The sexy covers pictured at the top of the post appeared on the Star editions between 1980 and 1981. Satan’s Surrogate came out in 1982, and it never got a sexy cover. When it came out, it seems that Carlyle put out new editions of the earlier books with new covers. I have not been able to find an image of the cover of Satan’s Love Child from this run. I am not sure it even exists. That book is more pornographic than the others, so it might have been left out. Then again, the other books are numbered, so it seems unlikely that they left out #1.

If anyone has a copy of the Satan’s Love Child from this run, please scan it and let me see!

All editions of these books are pretty scarce at this point, but the sexy Star ones are the hardest to find.
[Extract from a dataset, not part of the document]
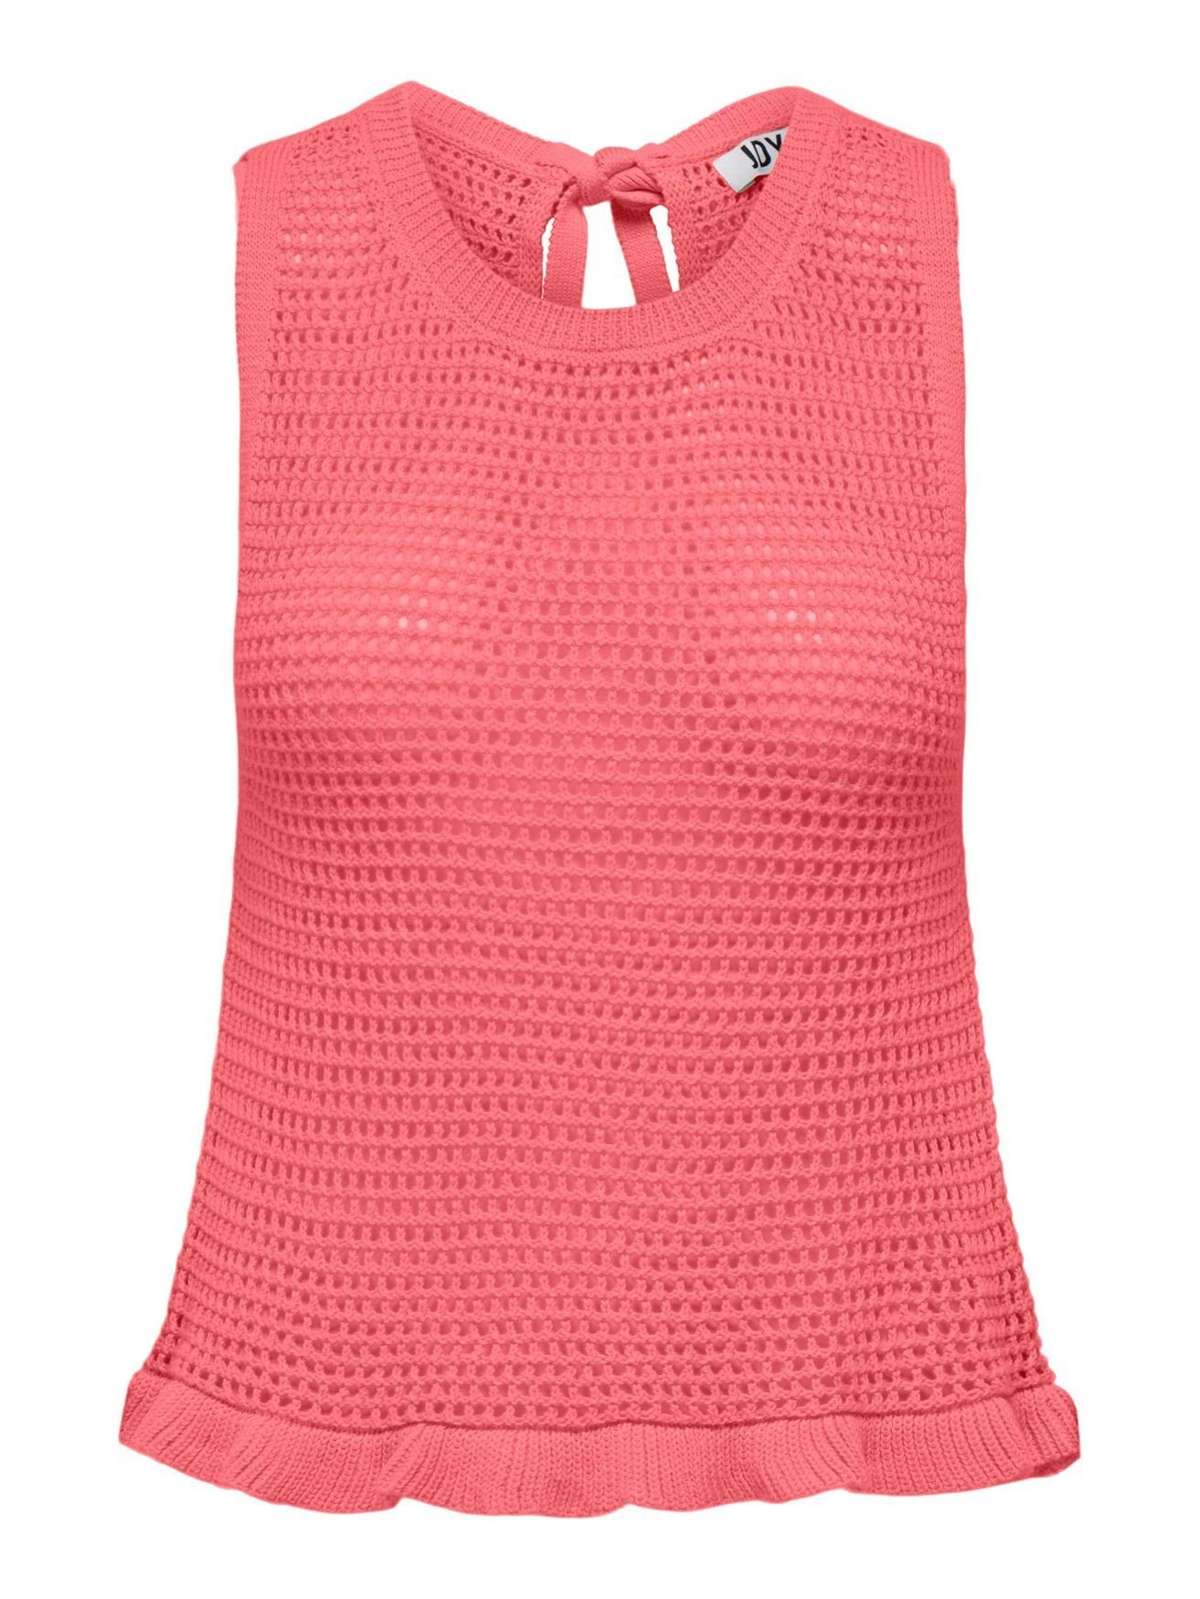 Топ-рубашка крупной вязки JDYTIKKA 4968 розового цвета-2

Fortunately, Wildside rereleased the original texts with their original names in the early 2000s. These are all available as ebooks on amazon for a few dollars. The first book in the series won’t include the gratuitous sex, but I doubt that will affect anyone’s enjoyment much. I thought about getting the new (actually old) editions too and comparing the texts to the Satan versions, but the books aren’t actually good enough to warrant doing that.

  • Satan’s Love Child is now Gemini Rising 
  • Satan’s Mistress is now Downward to Darkness 
  • Satan’s Seductress is now Worse Things Waiting 
  • Satan’s Surrogate is now The House Across the Way 

Honestly, these books are alright, but you’ll probably never end up with the full collection. Get the ebooks and save your money. Getting my hands on the full set of Star editions took more time than it did money, but they have only become scarcer since then. I have copies of a few of McNaughton’s short story collections too. I may get to them at some stage, but I’m in no rush.